One important things to be aware of is that when CMS uses the same model in for multiple years without any coefficient changes, they do not republish the information in each year's announcement document. Thus, you must go back to the first time the model was used to find the information. To help make it concrete, consider the CMS Model Version V24. It was first used in Payment Year (PY) 2020 and is seen in the [2020 Final Notice](https://www.cms.gov/medicare/health-plans/medicareadvtgspecratestats/announcements-and-documents-items/2020announcement). It was also used in [PY 2021](https://www.cms.gov/medicarehealth-plansmedicareadvtgspecratestatsannouncements-and-documents/2021-0), [PY2022](https://www.cms.gov/medicarehealth-plansmedicareadvtgspecratestatsannouncements-and-documents/2022), [PY2023](https://www.cms.gov/medicarehealth-plansmedicareadvtgspecratestatsannouncements-and-documents/2023), etc. however none of the announcement documents linked contain coefficients for V24 as they did not change from the original implementation in 2020.

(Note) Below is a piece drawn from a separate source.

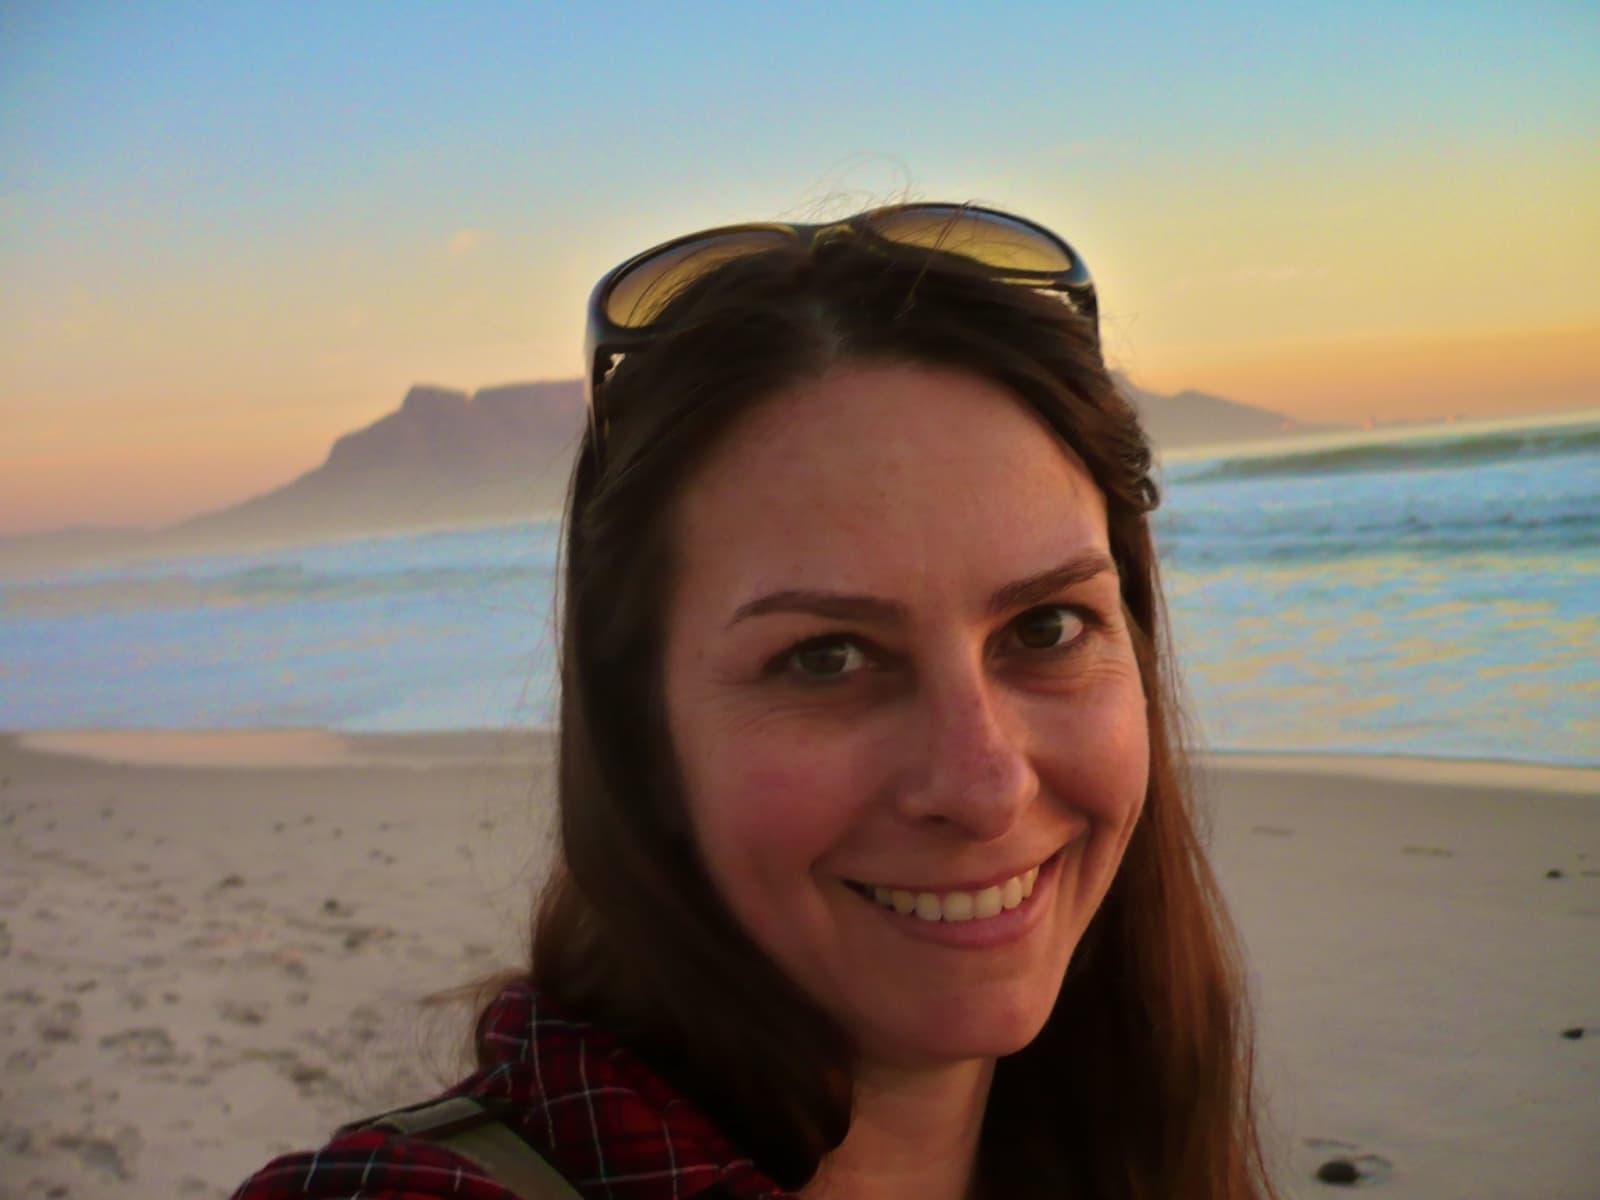 Katharina from Los Angeles, California, United States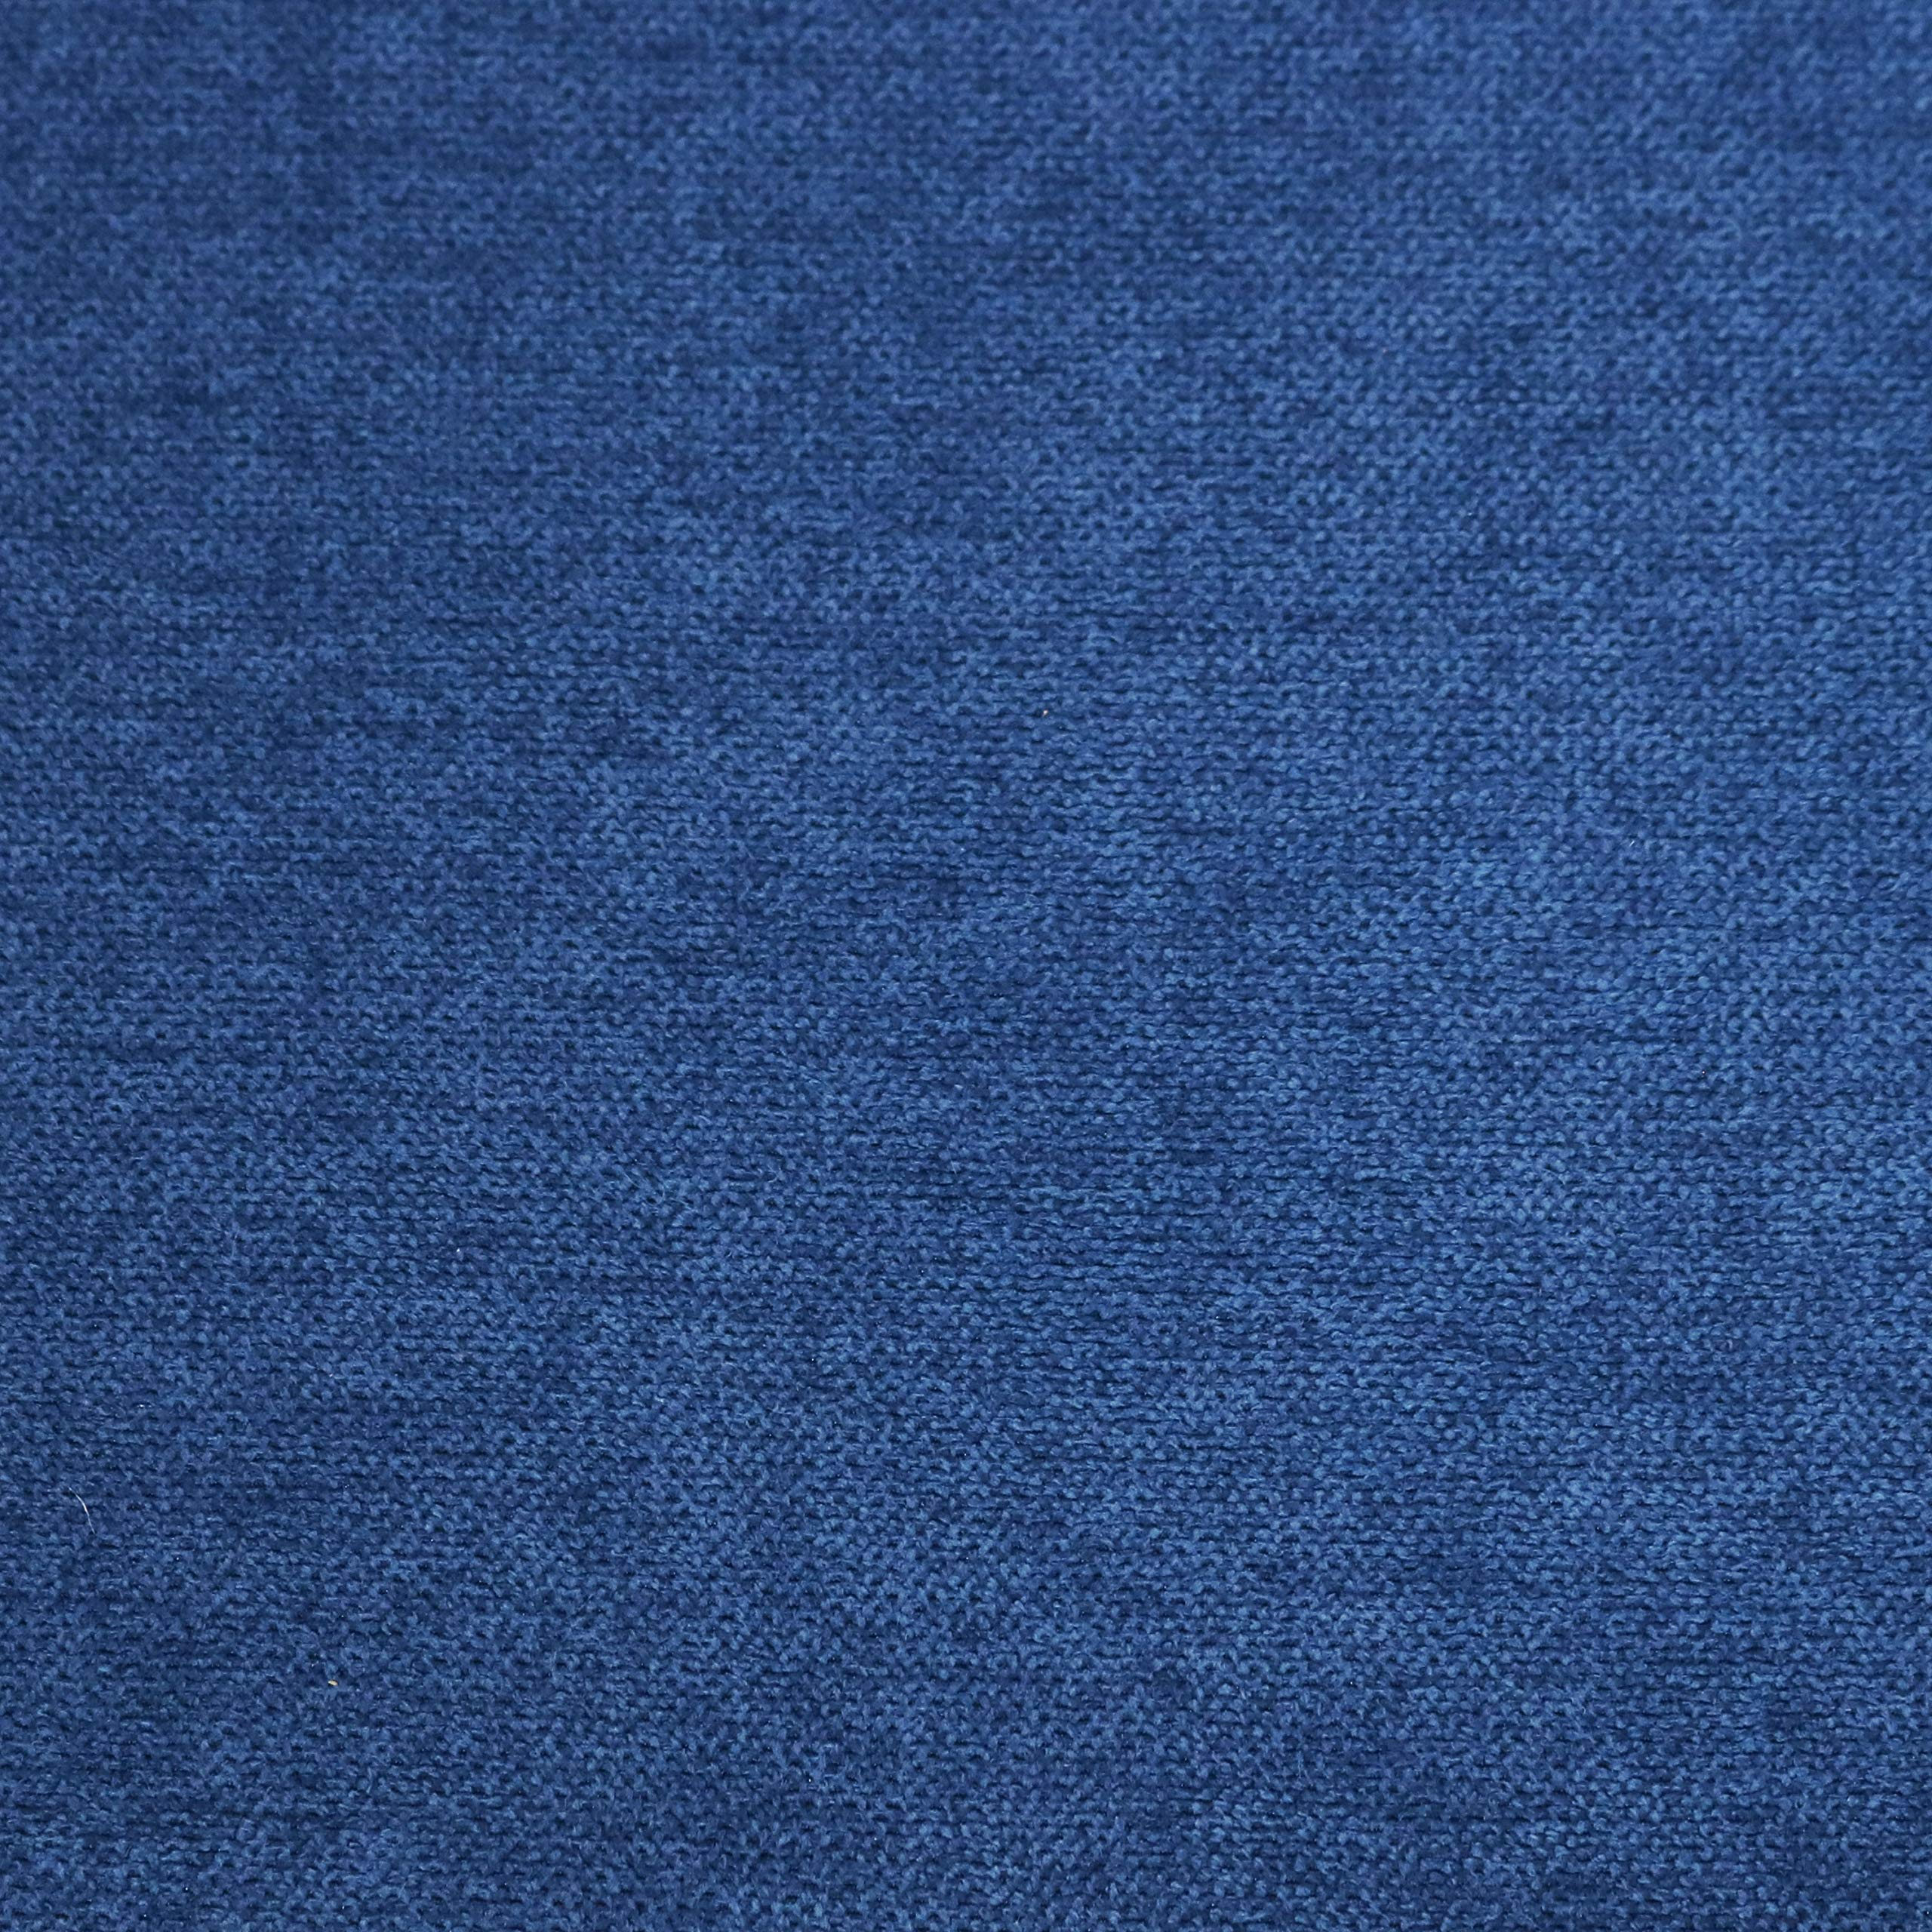 CASL Brands File Cabinet Cushion Seat Top for Mobile Pedestals, Magnetic Back, Blue by CASL Brands (Image #4)

To minimize manual work, the [tabula-py](https://pypi.org/project/tabula-py/) library will be used to read table objects from PDFs. It requires Java to be installed, please follow instructions linked in official documentation to get tabula-py working.

Key Assumptions:
1. The headers of the tables are identitified and outlined in column_dict
2. Manual editing is sometimes still needed based on the table layout, thus output file should be checked.
3. Might require lots of editing/customization based on PDF

In [8]:
import tabula
import pandas as pd
from pathlib import Path

# Specify the path to your PDF file
file_path = Path.cwd() / 'cms_files'
pdf_file = "Announcement2020.pdf"

# Use tabula to extract tables from the PDF
# You have to open the PDF up to find the relevant pages
tables = tabula.read_pdf(file_path / pdf_file, pages="75-80", multiple_tables=True)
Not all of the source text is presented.